> Prompt:
Exactly as they appear below, repeat the lines from the one with "man in black jacket skateboarding near fire" through the one with "Passenger 2.9% finance offer". Drop every picture.

> Data:
-- -- --
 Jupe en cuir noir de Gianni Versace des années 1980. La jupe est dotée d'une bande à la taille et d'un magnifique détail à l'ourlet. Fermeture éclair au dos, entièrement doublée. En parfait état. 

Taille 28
-- -- --
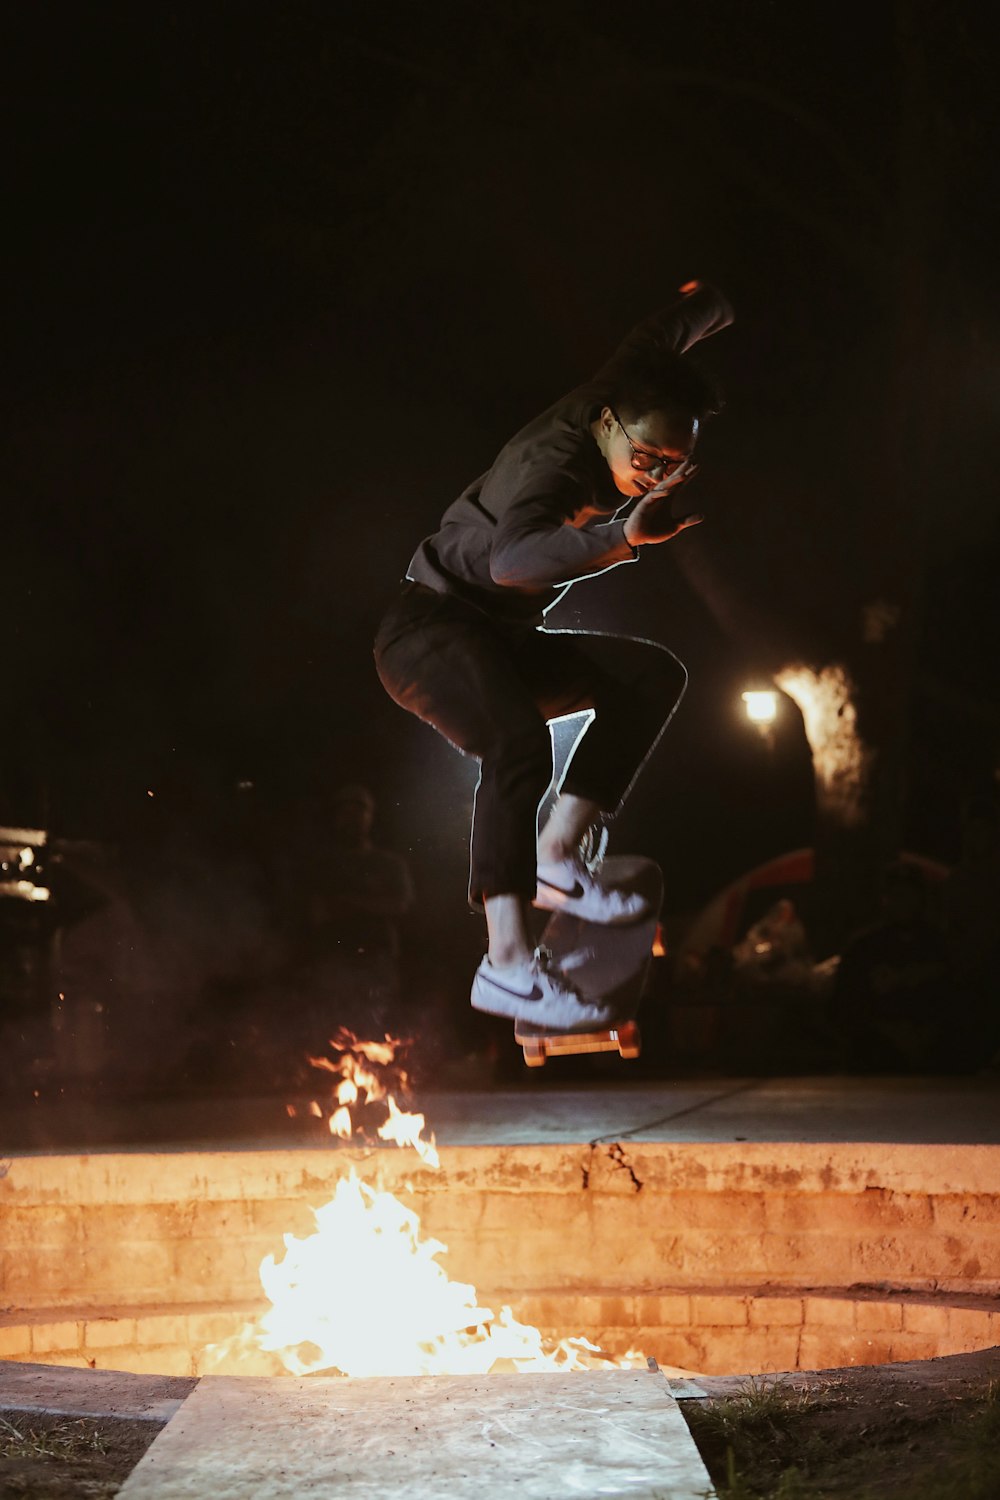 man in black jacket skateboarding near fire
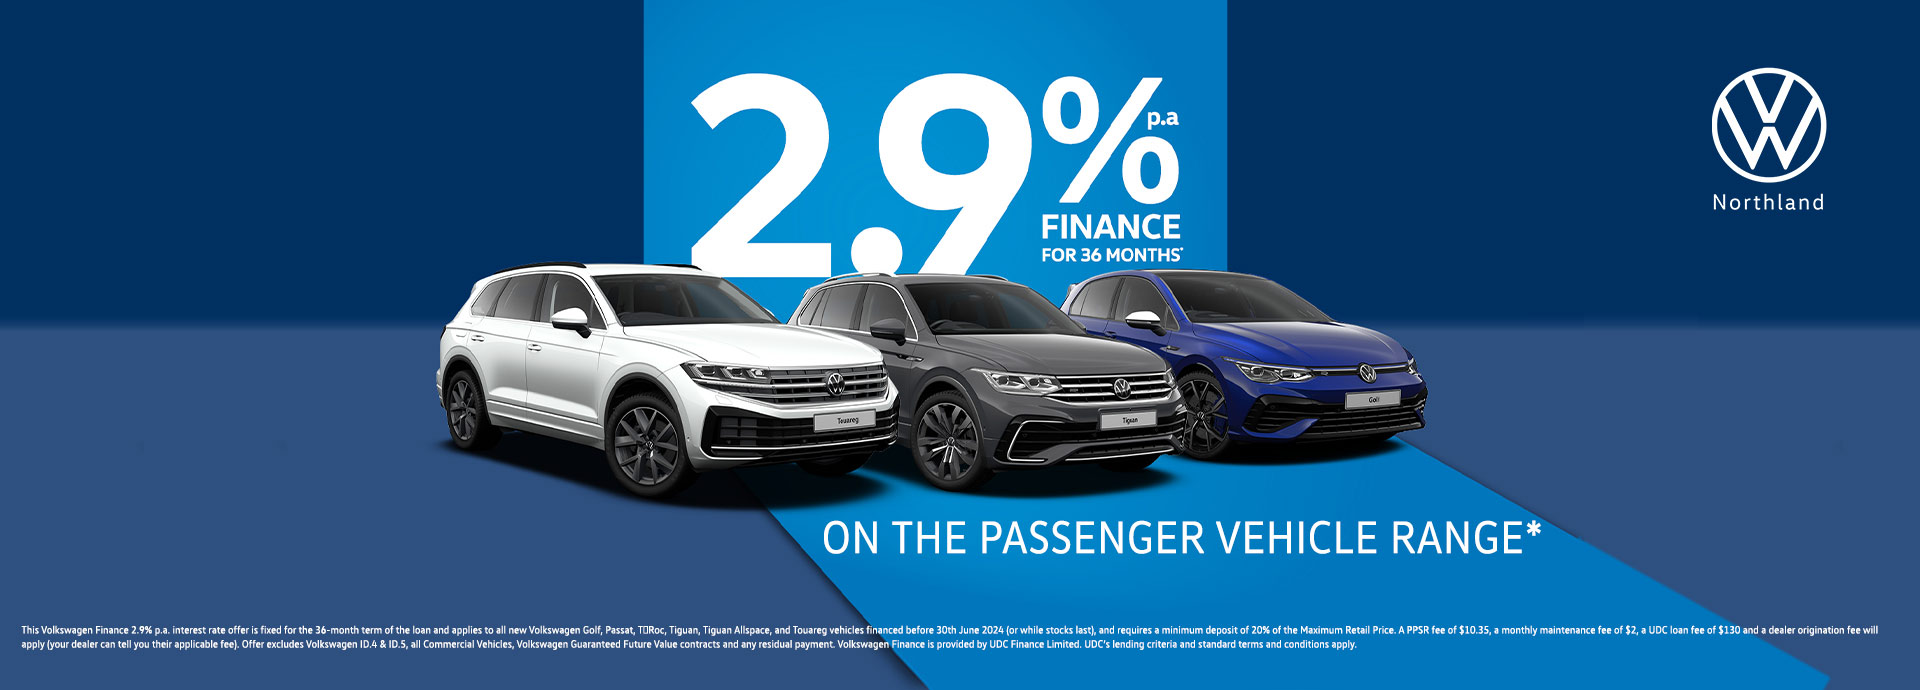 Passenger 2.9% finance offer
-- -- --
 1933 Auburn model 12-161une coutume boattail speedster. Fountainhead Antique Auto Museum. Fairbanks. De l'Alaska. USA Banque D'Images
-- -- --
> Solved exercise:
 man in black jacket skateboarding near fire
 Passenger 2.9% finance offer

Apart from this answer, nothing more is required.